Google Answers Logo
View Question
Q: I need a function to compare classifier confusion matrices in discrete problems ( No Answer,   3 Comments )
Subject: I need a function to compare classifier confusion matrices in discrete problems
Category: Science > Math
Asked by: mariane0-ga
List Price: $40.00
Posted: 26 May 2005 08:58 PDT
Expires: 25 Jun 2005 08:58 PDT
Question ID: 525894
This is a follow-up to question :
"I need a function to compare classifier accuracies in discrete problems "

The answer provided by rincewind-ga was perfect, but I would
now need to go more deeply into this problem. Please read the
previous question as I'm picking up where the last one left off.

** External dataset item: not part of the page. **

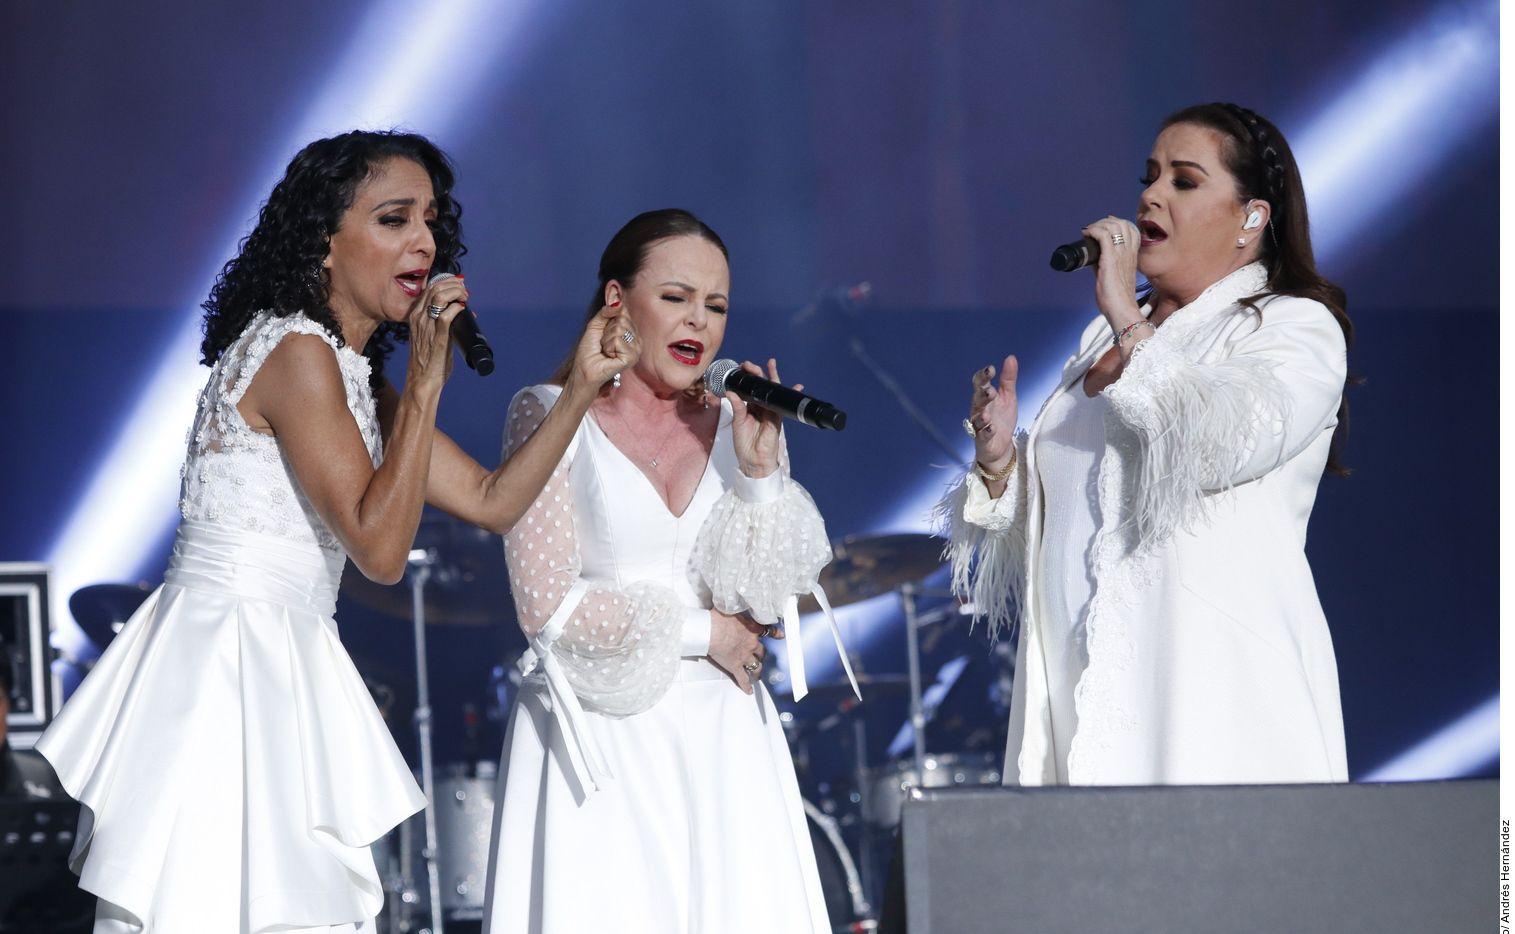 Mayte, Fernanda e Isabel cantaron 'Campana Sobre Campana' junto con Yuri.

A confusion matrix is a table of classifier results:

         P      N   <- Predicted class of the examples
P      TP   FN
N      FP   TN
actual class of the examples

TP means True Positives. It is often expressed as a frequency: the
number of accurately classified positive examples / the total number of

FP, False Positives, is the frequency with which positive examples have
been (mis)classified as negatives examples, and so on for the negatives.

Very many measures of classifier performance build up from these 4

So, how would you reduce bigger square matrices, representing N classes
problems, to these 4 numbers?

Should we distinguish between examples of class A misclassified as
belonging to class B and examples of class A misclassified as belonging
to class C in the 3 class confusion matrix:

         A      B      C   <- Predicted class of the examples
A      AA   AB    AC
B      BA   BB   BC
C      CA   CB   CC
actual class of the examples

Where XY means the number of examples of class X classified as
belonging to class Y over the total number of examples.

Any ideas welcome if they are coherent with rincewind-ga's answer :-).
Please explain step by step if you go into calculus or something.


Clarification of Question by mariane0-ga on 26 May 2005 09:44 PDT
It may be usefull to consider grouping the results as one class vs. 
all the others. 

In this case, if we consider class A vs (B and C)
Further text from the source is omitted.